After the boat turned up the Mississippi, closer to buffalo country, Sam saw the Spirit Buffalo more often, saw it with his inner eyes.
The Spirit Buffalo taunted him every night. Sometimes he pictured it exactly as it first came to him. On these nights he once again performed the miracle. He entered into the body of the Spirit Buffalo, knitted himself into it, mingled his blood with its blood, its heart with his own, and they breathed with one breath. Then he and the Buffalo rose as one man-beast, surveyed all, and set forth.
"Samalo." That one word sounded, though he didn't know who spoke it. It was his own name and the name Buffalo joined.

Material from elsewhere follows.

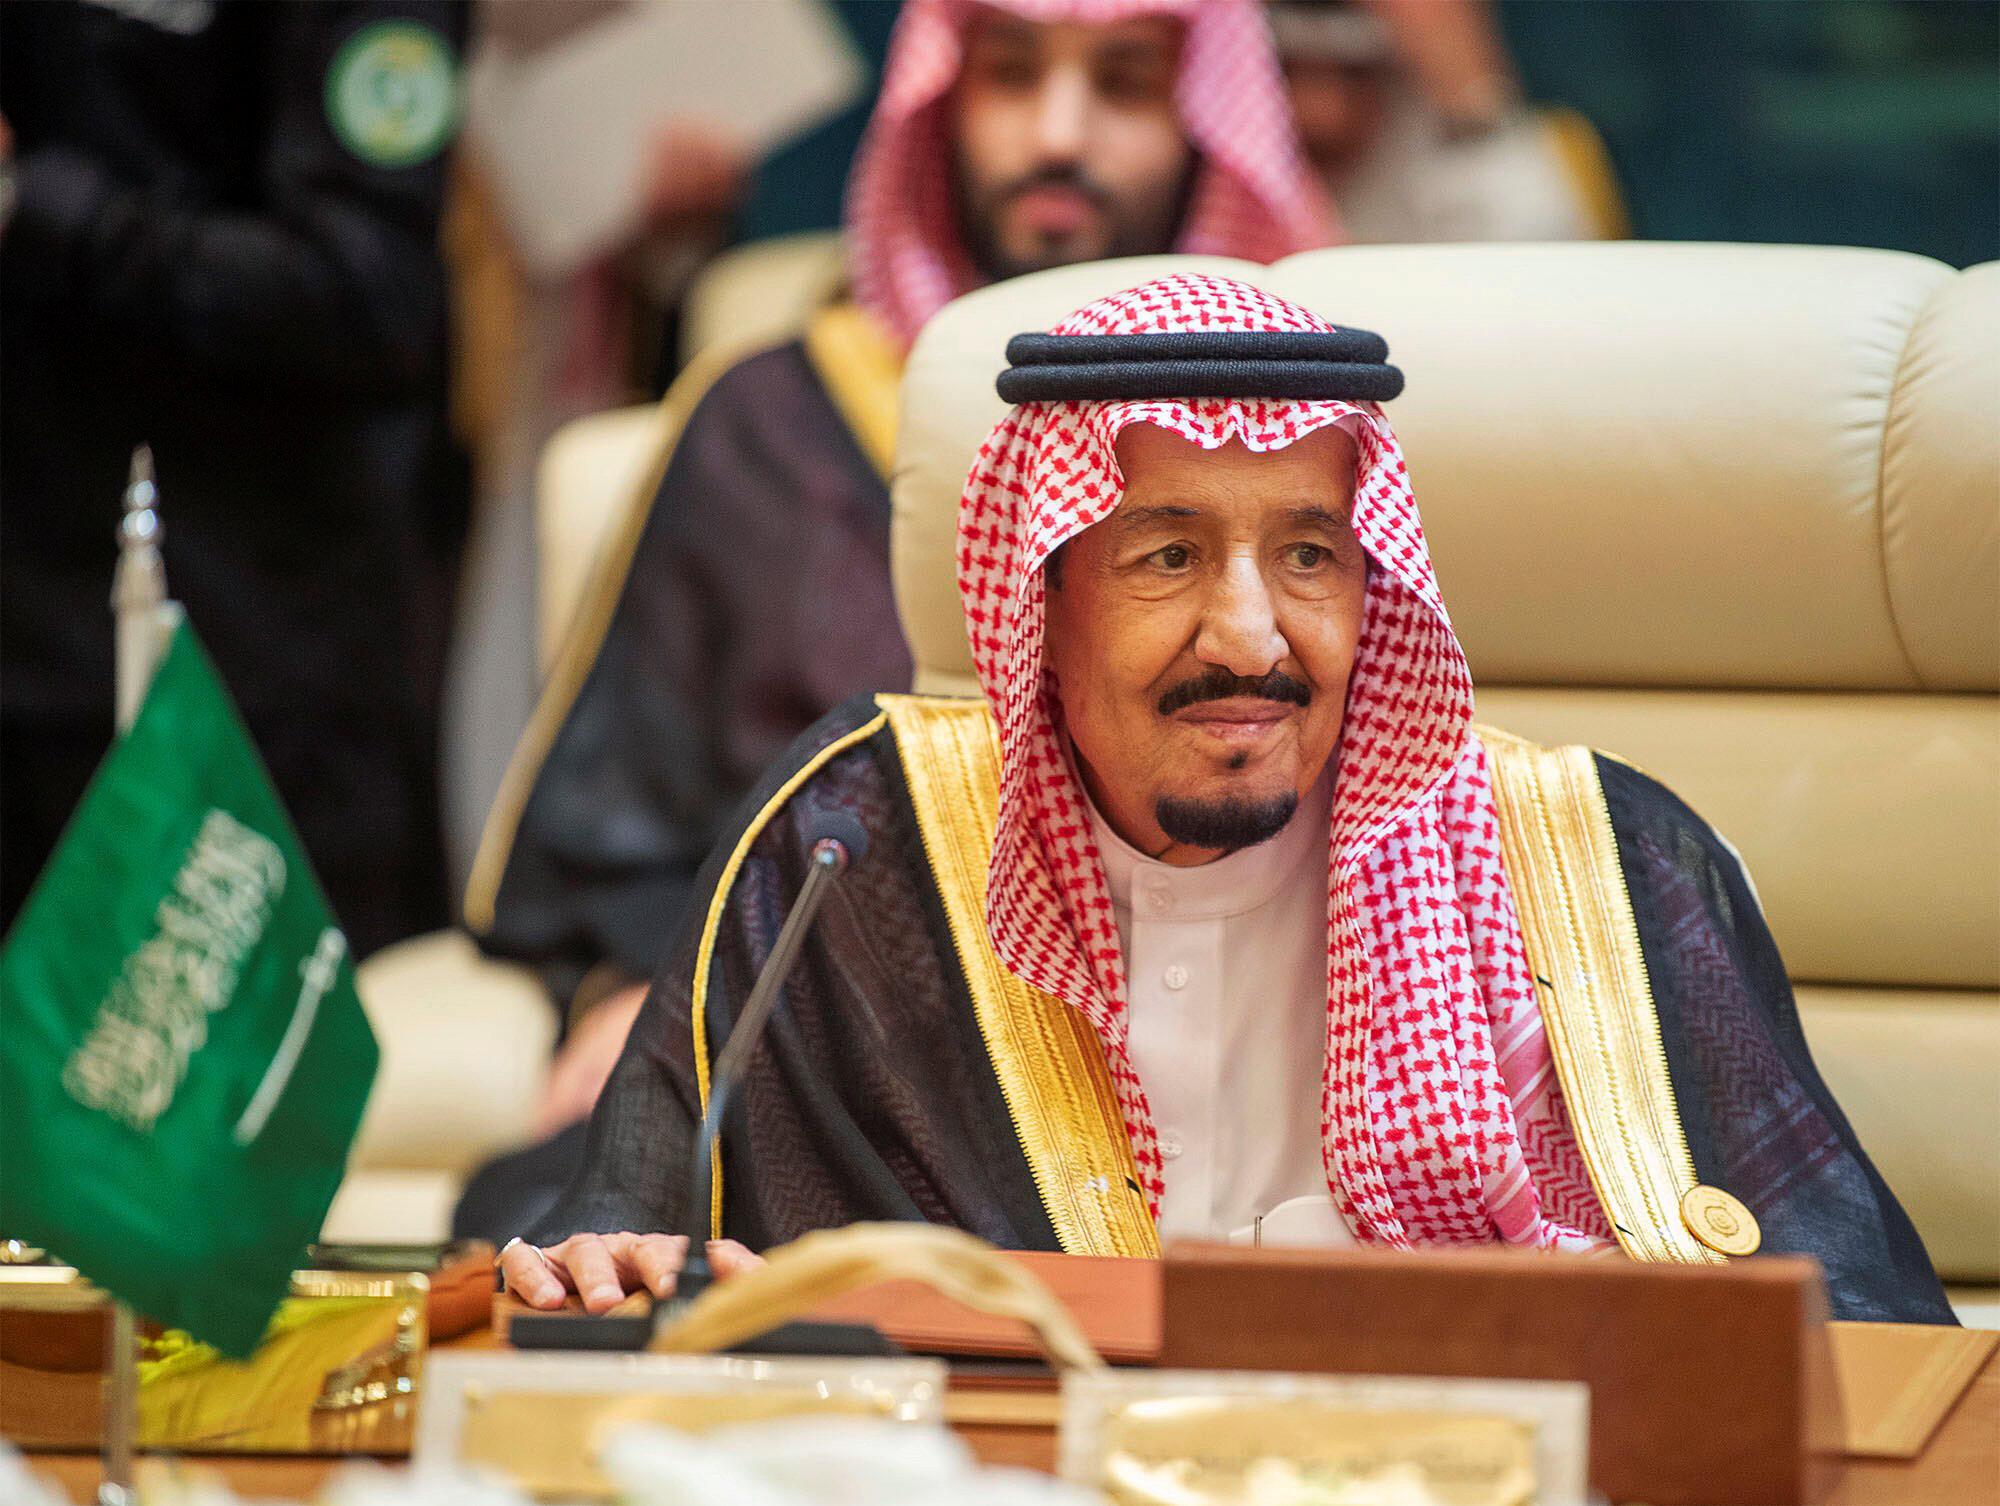 پادشاه عربستان نشست شورای همکاری خلیج فارس را افتتاح کرد
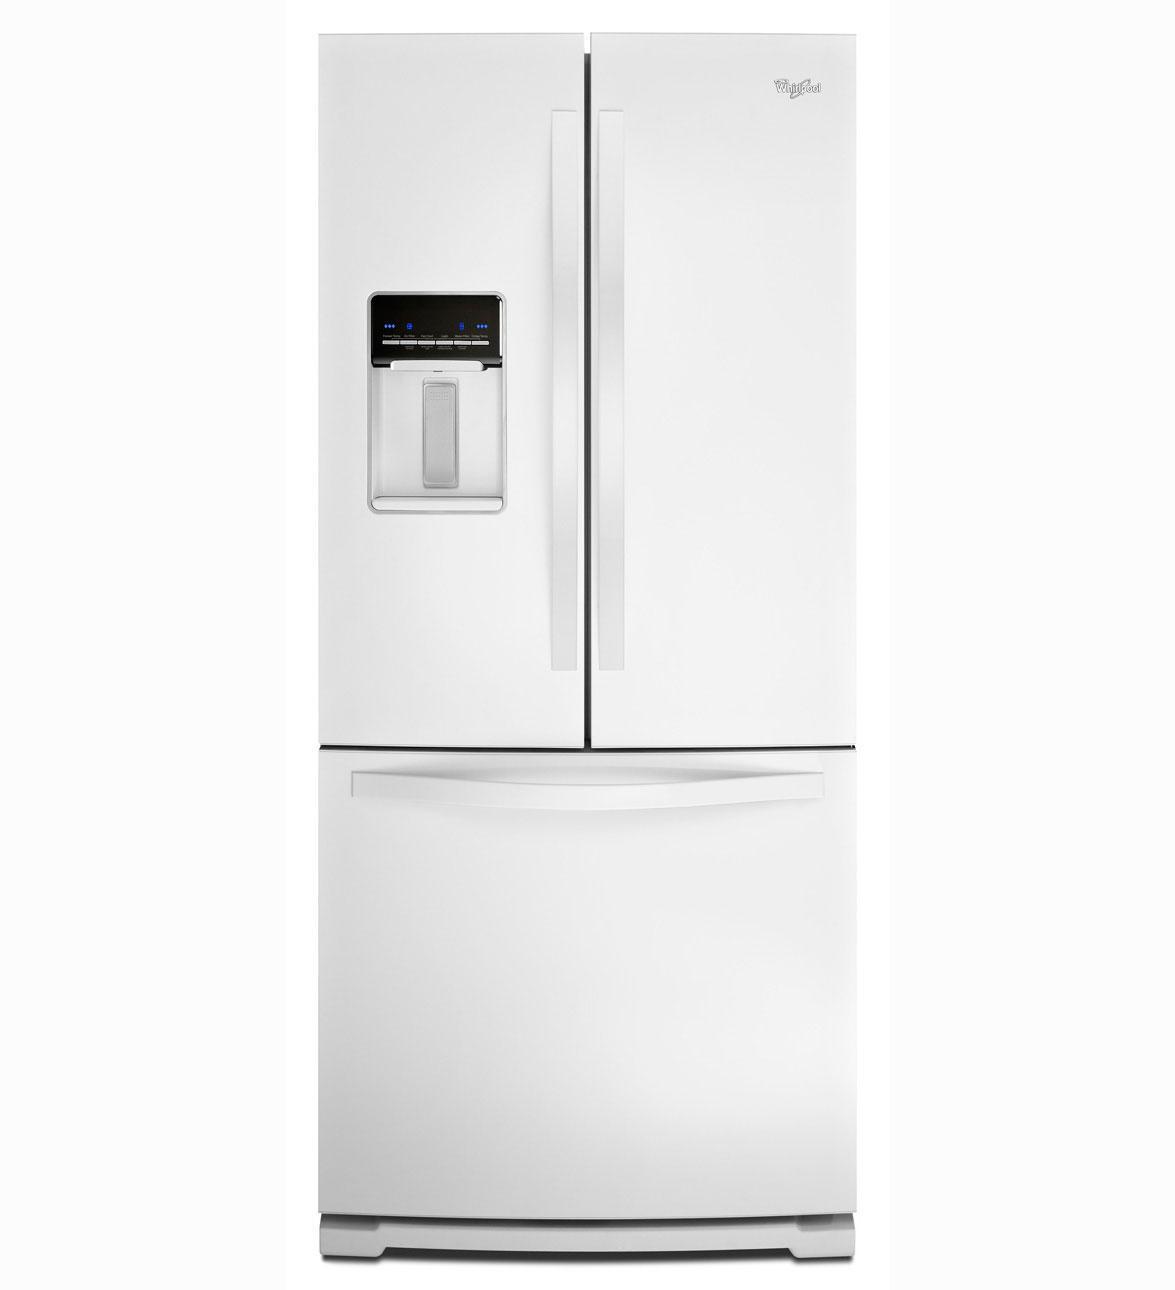 Wrf560seym Whirlpool Wrf560seym Bottom Freezer

One creature--Samalo.
Some nights he got just pieces of the dream, and some nights the pieces were mad, like a painting on glass--but the glass had been dropped, the paintings turned to shards, glinting hints of a beauty that once had been, and might or might not be again.
Sam would put the painting back together--once he was in the West, once he got up the Missouri River to the country where the buffalo lived, the buffalo that were physical and fed the belly, and the Buffalo that fed the spirit.
And once he was in the West, he would make his way to the Wind River Mountains, where her village lived, and seek out Meadowlark.
Passengers embarked, passengers disembarked, and Sam spoke to few. Port after port passed. Sam learned the rhythm of his travel.
In St. Louis the clerk asked his name. Sam nearly said "Samalo," but managed to announce clearly, "Sam Morgan." The clerk informed him that General Ashley expected him to join the outfit at Fort Atkinson. Four hundred miles of country to ride alone, but that didn't bother Sam--it was to the west.
He went about his business, tied up loose ends. He visited with dear friends from his first trip to St. Louis, Abby and Grumble, and said goodbye to them with indecent haste. "When I get to the West," he kept saying to himself, "I will come alive."